The recipe was in cups which for me is always a little tricky to adapt to weight.  I can only tell you what I did and that it worked for me.  Instead of using just chocolate I threw in some cacao nibs for a little healthy substitute and some dried cranberries for added chewiness.  The balance was perfect but if you prefer full on chocolate cookies then go with that all the way.  I think I’ll be making more this weekend.  I miss them already.
Recipe adapted from Cookie and Kate *the original recipe makes 24 small cookies but I only got 16 out of my dough which also meant they took a little longer to cook.
75g / 3oz (¾ cup) ground almonds
25g / 1oz (1/4 cup) coconut flour
1 teaspoon bicarbonate of soda
½ teaspoon fine grain sea salt
¼ teaspoon cinnamon
100ml (1/2 cup) butter or coconut oil (I ended up doing 75ml butter and 25ml coconut oil because I didn’t have enough of either)
100ml (1/2 cup) maple syrup
1 teaspoon vanilla extract
50g / 2oz dark chocolate broken up in to small chunks (I used 70% cocoa solids)
50g / 2oz cacao nibs
50g / 20z dried cranberries
Preheat the oven to Gas Mark 4, 180°C, 350°F.  Line a baking sheet with parchment. 

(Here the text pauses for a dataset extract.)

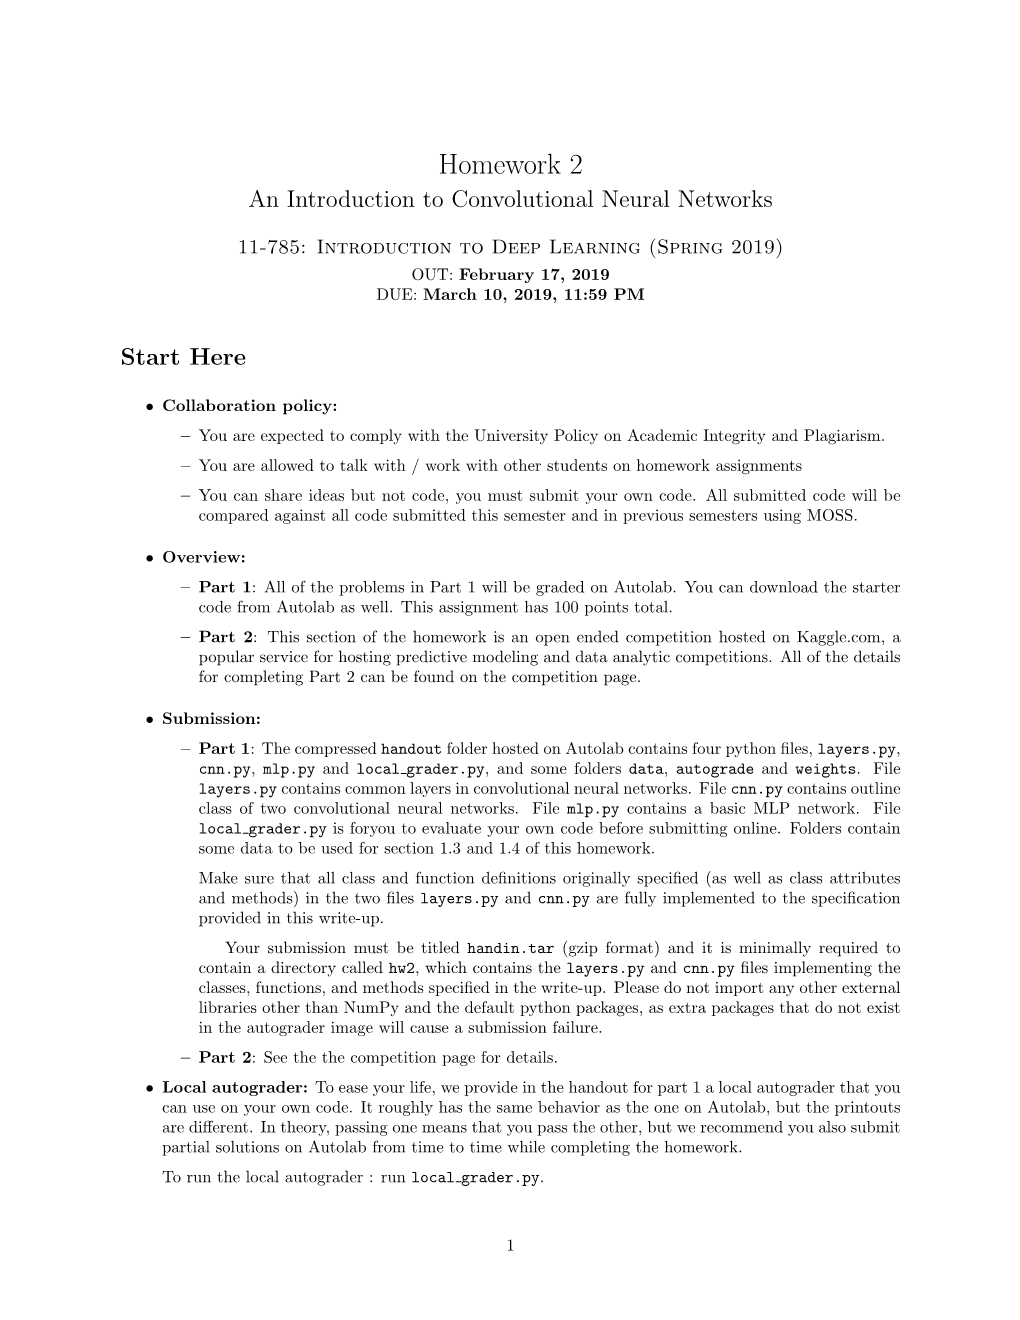 Homework 2 an Introduction to Convolutional Neural Networks

In a bowl mix together the flours, bicarbonate of soda, salt and cinnamon.  Pour in the melted butter or coconut oil, maple syrup and vanilla extract.  Combine well with the flour mixture and then add the chocolate, cacao nibs and dried cranberries.  Place the bowl of dough in the fridge to chill for ten minutes.  (This allows the coconut flour to absorb some of the moisture).  Scoop a tablespoon of dough for each cookie onto the baking sheet allowing space between each cookie.
Bake for 11 to 15 minutes until golden brown.  Mine needed about 20 minutes in the end.